La libération des eaux trouve peu de soutien à Fukushima

La plupart des pêcheurs de Fukushima restent discrets, mais Haruo Ono ne peut garder pour lui ses réflexions sur les projets du Japon de rejeter dans le Pacifique à partir de jeudi l’eau de refroidissement traitée de la centrale nucléaire voisine en catastrophe.

« Rien dans le déversement d’eau n’est bénéfique pour nous. Il n’y a aucun avantage pour nous. Aucun. Tout est préjudiciable », a déclaré à l’ Ono, qui a perdu son frère lors du tsunami de 2011 qui a paralysé l’usine.

« Les pêcheurs sont contre à 100% », a déclaré cet homme de 71 ans dans sa modeste maison de Shinchimachi, à environ 60 kilomètres au nord de la centrale nucléaire, dans le nord-est du Japon.

« La mer est notre lieu de travail. Nous vivons de la mer, nous sommes à la merci de la mer. Alors si nous ne protégeons pas la mer, qui le fera ? »

Environ 1,34 million de tonnes d’eau, soit l’équivalent de plus de 500 piscines olympiques, se sont accumulées à la centrale de Fukushima depuis le tremblement de terre et le tsunami qui ont tué 18 000 personnes en 2011.

Il a été contaminé par son utilisation pour refroidir les cœurs de réacteurs hautement radioactifs qui ont fondu, en combinaison avec les eaux souterraines et la pluie.

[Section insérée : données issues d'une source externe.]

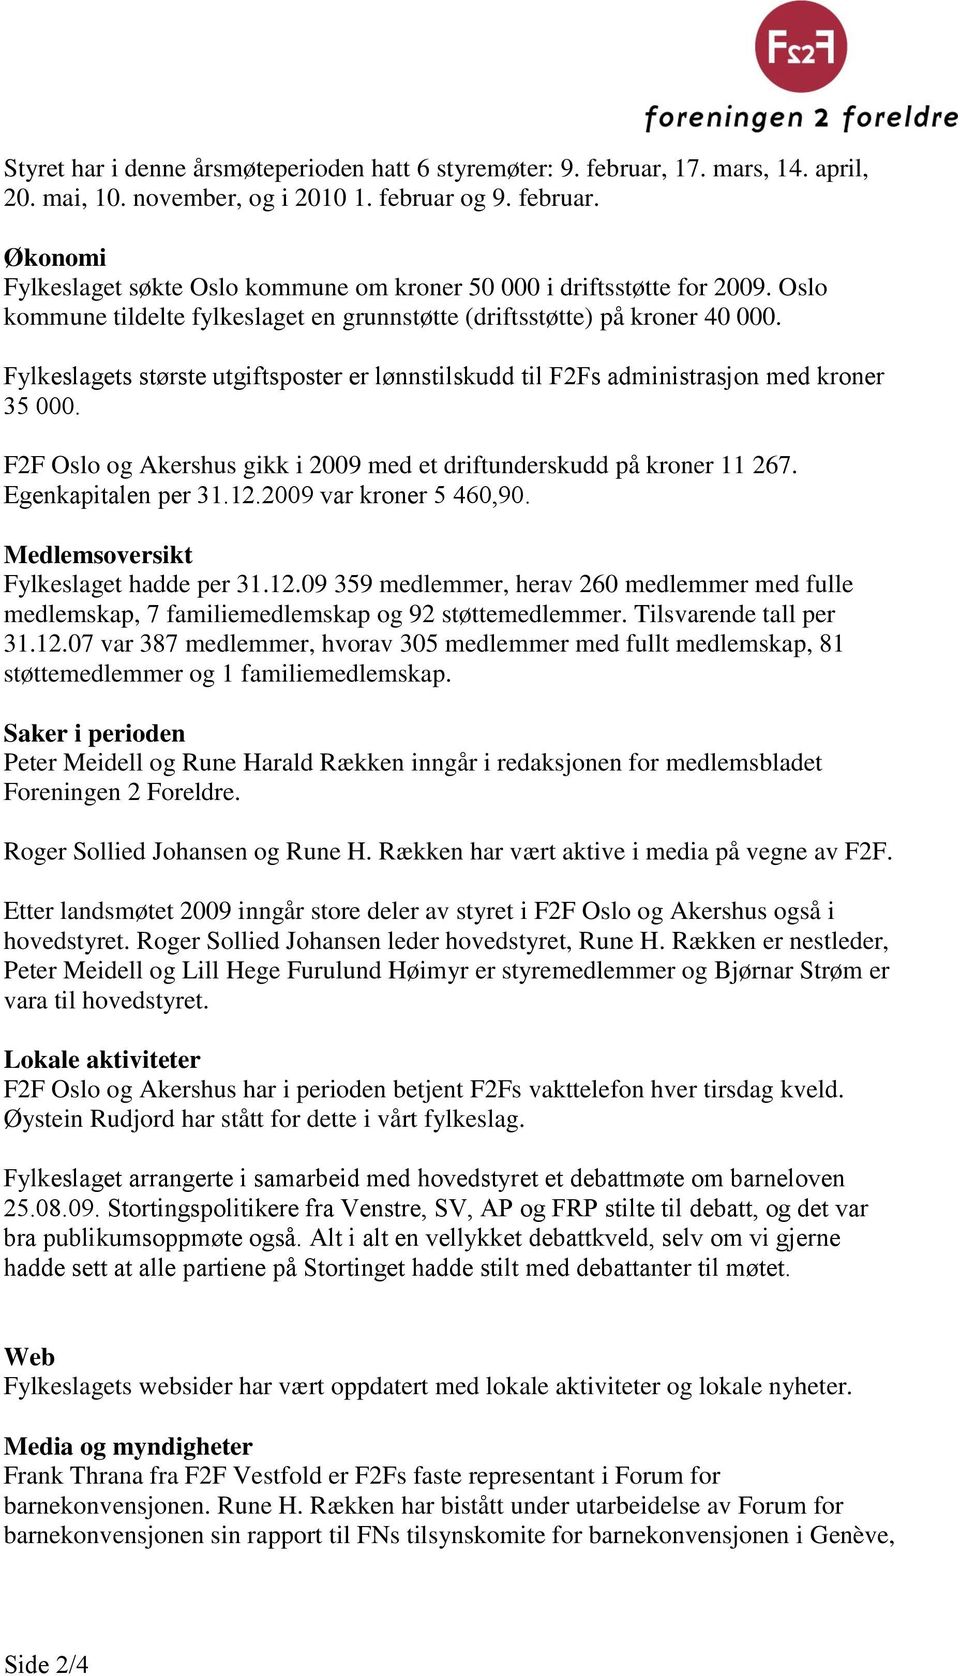 F2F Oslo og Akershus gikk i 2009 med et driftunderskudd på kroner 11 267. Egenkapitalen per 31.12.2009 var kroner 5 460,90. Medlemsoversikt Fylkeslaget hadde per 31.12.09 359 medlemmer, herav 260 medlemmer med fulle medlemskap, 7 familiemedlemskap og 92 støttemedlemmer.

Mais l’opérateur de l’usine TEPCO affirme que l’eau a été diluée et filtrée pour éliminer tous les radionucléides à l’exception du tritium, qui est bien en deçà des niveaux dangereux.

‘Égout’

Le projet de commencer progressivement à libérer l’eau à un débit maximum de 500 000 litres (132 000 gallons américains) par jour via un tuyau situé à un kilomètre (un demi-mile) au large de la mer a obtenu l’approbation de l’organisme de surveillance nucléaire de l’ONU.

Mais de nombreux acteurs de l’industrie de la pêche japonaise s’inquiètent de la réputation des produits de la mer du pays, au moment même où celle-ci commençait à se rétablir, 12 ans après la catastrophe de Fukushima.

« Fukushima était considérée comme quelque chose que les gens devaient éviter (après 2011). Même les plaques d’immatriculation des voitures de Fukushima ont été enlevées lorsque les gens ont dû évacuer vers d’autres préfectures », a déclaré à l’ l’artiste local Tomomi Kodama, 40 ans.

« Maintenant, si l’eau est rejetée par l’usine, je m’inquiète de la façon dont le monde pourrait l’accepter », a-t-elle déclaré.

En plus d’être une source majeure de fierté nationale, les produits de la mer constituent une industrie japonaise majeure, avec près de 600 000 tonnes, soit une valeur d’environ 2 milliards de dollars, exportées en 2022.

La Chine est son plus gros client, représentant environ un quart de cette somme, mais Pékin a accusé Tokyo de traiter l’océan comme un « égout » avec ses rejets d’eau.

Dans une décision qui, selon les experts, est en partie motivée par la rivalité dans d’autres domaines, la Chine avait déjà interdit les expéditions de produits alimentaires en provenance de 10 préfectures japonaises et imposé des contrôles de radioactivité ailleurs.

Ces contrôles fastidieux ont déjà entraîné une baisse de 30 pour cent des importations japonaises de produits de la mer en Chine le mois dernier, ont rapporté les médias japonais et chinois, citant les données des douanes chinoises.

Hong Kong, un autre marché important pour les exportations japonaises de fruits de mer, a également menacé de restrictions, et on ne sait pas comment les consommateurs d’ailleurs réagiront.

Insécurité

Masanobu Sakamoto, chef de la coopérative nationale de pêche du Japon, a réitéré lundi son opposition à cette décision.

« La sécurité (scientifique) n’est pas nécessairement synonyme d’un sentiment de sécurité dans la société. On craint qu’une fois l’eau évacuée, la réputation ne soit entachée », a-t-il déclaré.

« Les gens du secteur de la pêche ne peuvent en aucun cas être rassurés », a-t-il déclaré.

Les gens de l’industrie de la pêche « ont vraiment eu du mal à bien des égards (après 2011). Et maintenant, après 12 ans, ils s’installent enfin et progressent vers le bonheur, progressivement », a déclaré Ono, dont les trois fils sont également pêcheurs.

« Ce que le gouvernement fait maintenant, c’est abandonner Fukushima. Ce que le gouvernement devrait véritablement protéger, ce sont les habitants de Fukushima, les pêcheurs, et non TEPCO », a-t-il déclaré.